Downloading carrots-vs-rockets-image-classification.zip to /content
 98% 88.0M/90.2M [00:03<00:00, 41.5MB/s]
100% 90.2M/90.2M [00:03<00:00, 26.6MB/s]


In [None]:
!mkdir sample
!unzip carrots-vs-rockets-image-classification.zip -d ./sample/

In [None]:
! pip install transformers datasets

이미지 데이터를 어떻게 전처리할지 규정합니다.

In [5]:
import torchvision.transforms as transforms
from torchvision.datasets import ImageFolder
from torch.utils.data import DataLoader, random_split

transform = transforms.Compose([
    transforms.Resize((224, 224)),
    transforms.ToTensor(),
    # resnet은 Imagenet기반으로 학습되었기에 ImageNet의 평균과 표준편차로 Standardization을 수행합니다.
    transforms.Normalize(mean=[0.485, 0.456, 0.406], std=[0.229, 0.224, 0.225]),
])

In [6]:
# 규정한 전처리로 이미지데이터를 불러오며 가공합니다.
data = ImageFolder(root='./sample/Images/', transform=transform)

Train, validation, test로 데이터를 분류합니다.

In [7]:
trainProportion = 0.7
valProportion = 0.2

totalSize = len(data)
trainSize = int(trainProportion * totalSize)
valSize = int(valProportion * totalSize)
testSize = totalSize - trainSize - valSize

trainData, valData, testData = random_split(data, [trainSize, valSize, testSize])

데이터 세트를 어떻게 이용할것인지 규정해놓습니다.

In [8]:
trainLoader = DataLoader(trainData, batch_size=32, shuffle=True)
valLoader = DataLoader(valData, batch_size=32, shuffle=False)
testLoader = DataLoader(testData, batch_size=32, shuffle=False)

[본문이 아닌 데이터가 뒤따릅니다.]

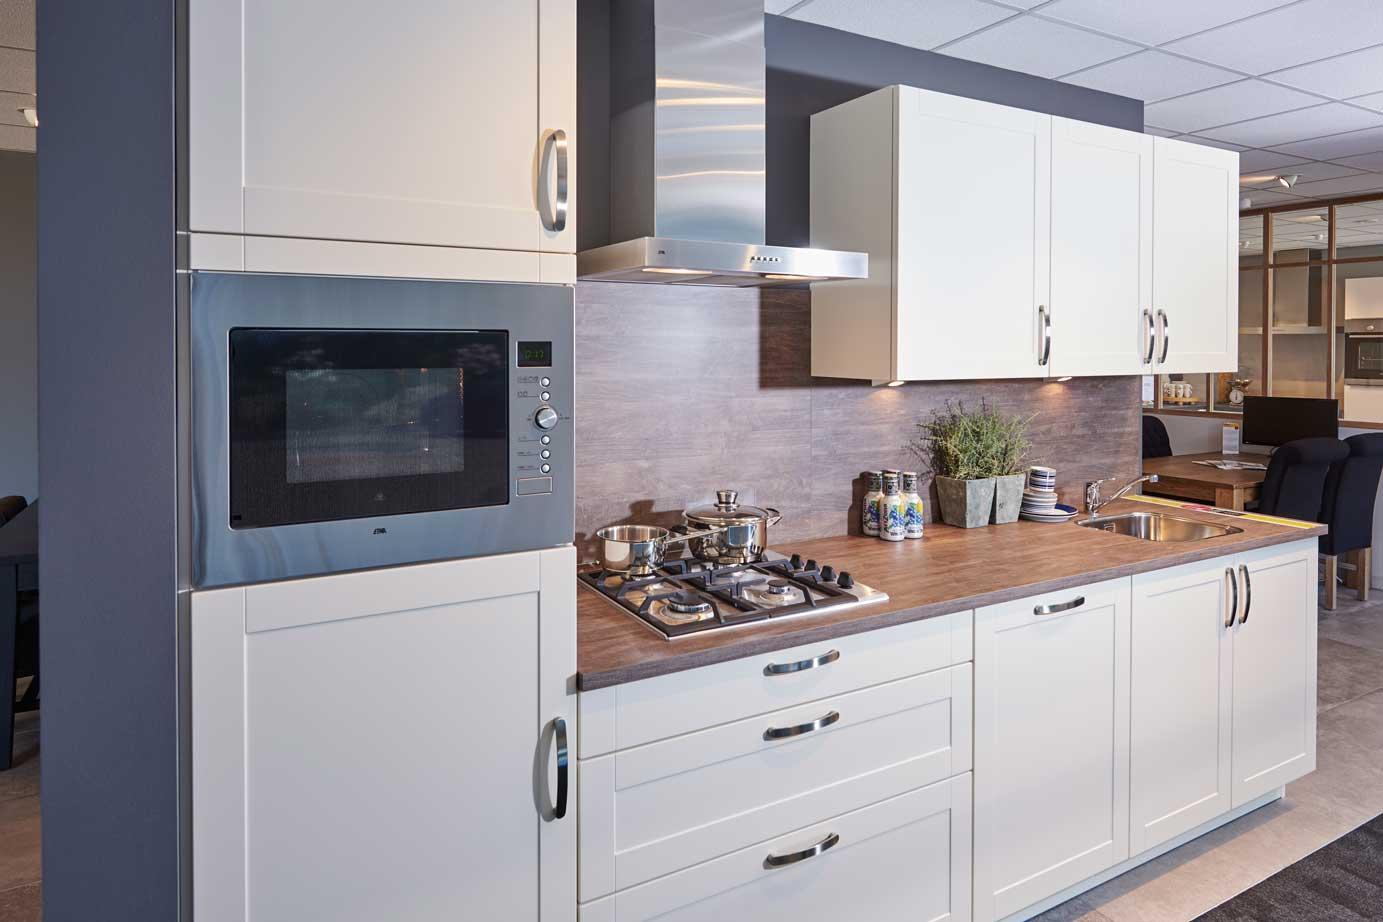 Tijdloze keuken, klein en goedkoop Met Etna apparatuur

Pre-trained된 모델인 Resnet50을 가져옵니다.

In [21]:
import torch.nn as nn
import torchvision.models as models
model = models.resnet50(pretrained=True)
model.fc = nn.Linear(model.fc.in_features, 2)

불러온 모델을 파인 튜닝해보겠습니다.

파인 튜닝시 사용할 최적화 방식을 규정해 놓습니다.

In [23]:
import torch.optim as optim
criterion = nn.CrossEntropyLoss()
optimizer = optim.Adam(model.parameters(), lr=0.001)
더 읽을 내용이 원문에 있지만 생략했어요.